Rhiannon must have slipped through an unclaimed part of the city to get out, but they certainly weren’t getting a tank in that way.
“It’s all about offensive and defensive lines,” he murmured out loud, and resisted cradling his head in his hands out of hopelessness.
One Ear snorted and Big cuffed him on the back of the head. “Let the man talk it out. You never planned to invade a city either.”
Will’s head shot up as he figured through Big’s unwittingly accurate statement. One Ear avoided his gaze as he added details to the map.
“You guys didn’t need to invade. The city was just sitting there waiting for anybody to lay claim. Hell, it would have been chaos back then, what eight, nine months ago?”
Big nodded in agreement. One Ear was coloring in what looked like a large park surrounded by water with a large bridge spanning off it.
“No city has a park that big right in prime real estate,” Big bitched. “He’s lying to us, Tex. Let me remind him how to draw straight.”
“It’s there, Big. I saw it once, I was in town for a charity thing.” Will smiled at Big’s disbelief, and wondered at his ability to do so in this dark hour.

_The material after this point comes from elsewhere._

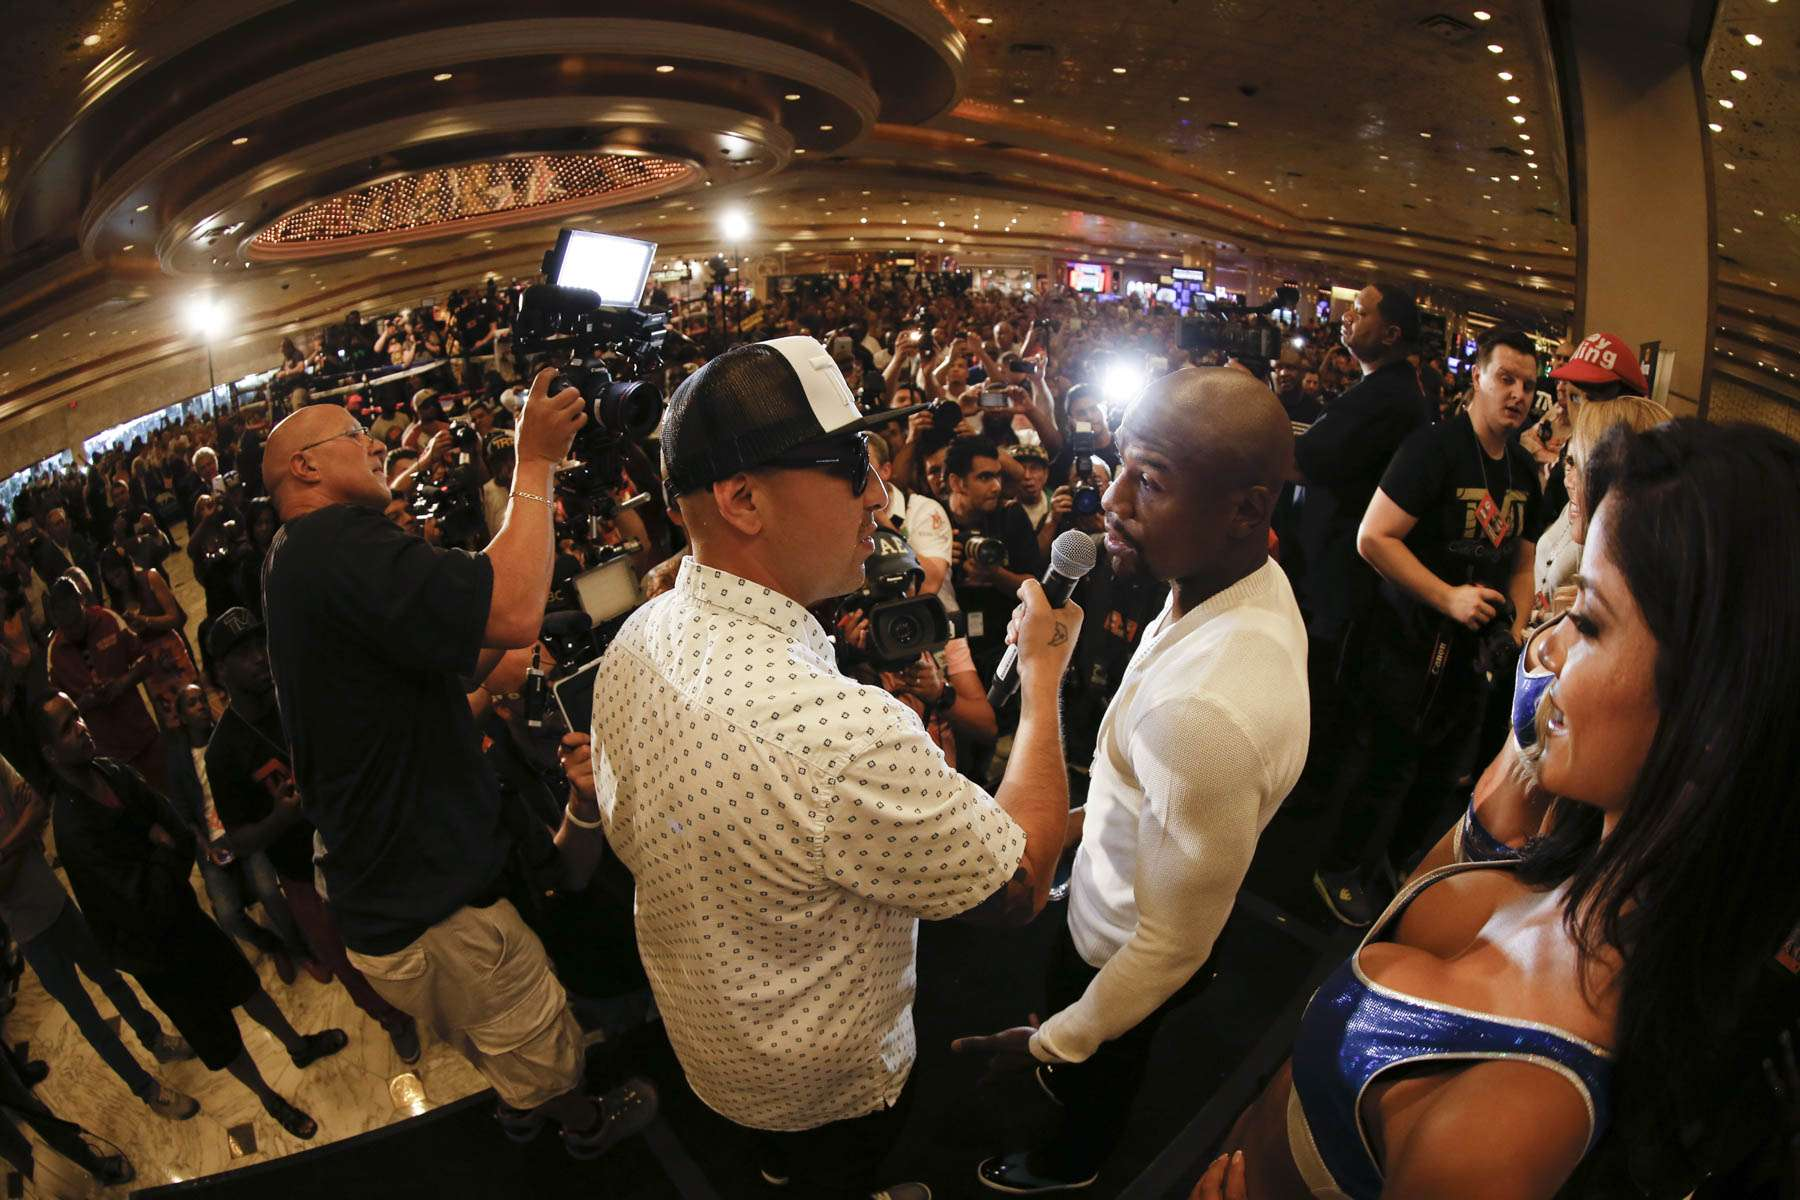 Floyd Mayweather Jr. y Marcos Maidana llegaron el 9 de septiembre al MGM Grand en Las Vegas, rumbo a su combate de revancha del 13 de septiembre. Foto: Esther Lin/SHOWTIME

Except it didn’t really feel that dark. He knew Rhiannon would do anything to keep Snickers safe. Hell, she threw herself off a damn cliff. So it was just Rhiannon’s safety he had to worry about, and if they all were right about her being a prized possession, then he had leeway. Well, until she pissed the highest bidder off enough for them to think about doing damage in order to control her.